Because Petitioner claims he received ineffective assistance of appellate counsel because counsel failed to challenge the State's request for supplementation of the record as untimely and failed to brief the issue as instructed by the Court of Appeals, the Court must next look at the trial court's findings with respect to counsel's performance. The trial court addressed both the performance of trial counsel, Mr. Watson, and appellate counsel, Mr. Rowlett, in part, as follows:
This Court finds that Mr. Watson and Mr. Rowlett are trustworthy individuals and that the statements made by them in their affidavits are worthy of belief. Based upon a thorough review of Applicant's instant Application for Writ of Habeas Corpus, the court's records in Cause No. F95-45816-L and the affidavits submitted by Mr. Watson and Mr. Rowlett, this Court finds that the statements made by Mr. Watson and Mr. Rowlett in their affidavits are true, correct and dispositive of the allegations presented by Applicant relative to them.
A review of the records in Cause No. F95-45816-L reflects that Applicant was represented by attorneys who exercised all of the skill and expertise which one could reasonably expect of an attorney and that Applicant was in no way denied his right to effective assistance of counsel either at trial or on appeal.Ex parte Sledge, at 33. On the basis of the trial court's findings, the Texas Court of Criminal Appeals denied relief without written order. Id., at cover. Again, this was an adjudication on the merits. Singleton, 178 F.3d at 384; Ex parte Torres, 943 S.W.2d at 472.

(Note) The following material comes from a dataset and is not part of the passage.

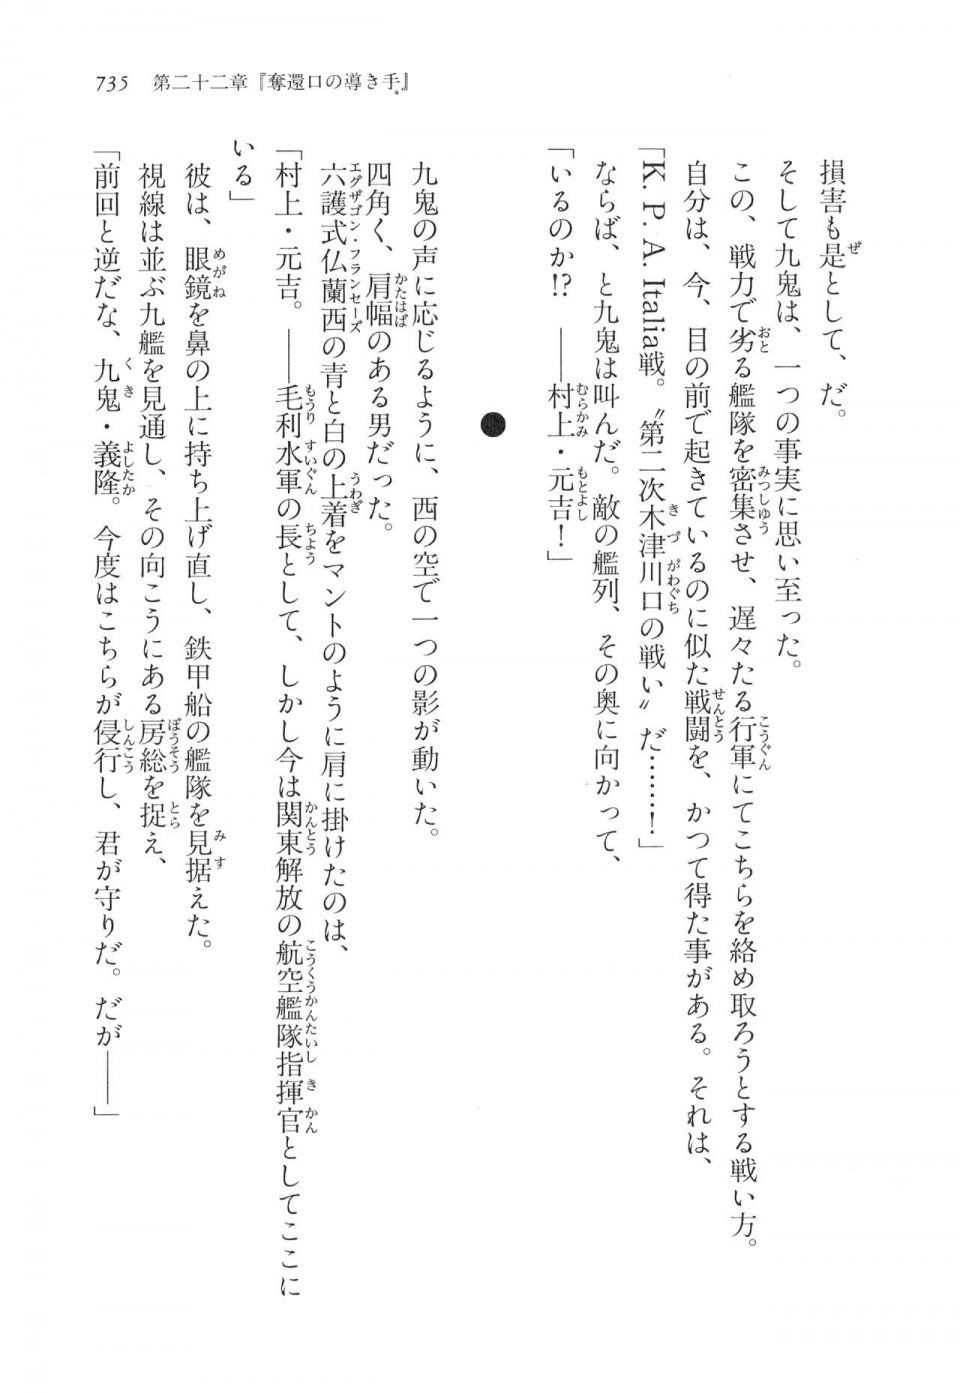 Kyoukai Senjou no Horizon LN Vol 16(7A) - Photo #735

Petitioner has failed to show deficient performance regarding his allegation that counsel was ineffective for failing to object or challenge the State's request for supplementation of the record as untimely and failing to brief the issues. Furthermore, Petitioner has failed to demonstrate that his appellant counsel's deficiencies prejudiced his case. He failed to explain how such an objection regarding the timeliness of the State's motion to supplement the record on appeal would have had merit and would have been successful, and how, in fact, it would have affected the outcome of the case. Further, Petitioner has failed to demonstrate that but for counsel's failure to submit a timely brief to the Court of Appeals, he would have actually prevailed on appeal. Strickland, 466 U.S. at 687; Smith, 528 U.S. at 286. Petitioner's claim of ineffective assistance of counsel is denied.
Conclusion
Petitioner procedurally defaulted his ex post facto violation claim. Further, he failed to show that the state court adjudications of his other two claims resulted in a decision that was contrary to, or involved an unreasonable application of, clearly established federal law. 28 U.S.C. § 2254(d). Additionally, he did not show that the adjudication resulted in a decision that was based on an unreasonable determination of the facts in light of the evidence presented in the state court. Id. The petition for writ of habeas corpus pursuant to 28 U.S.C. § 2254 is DENIED.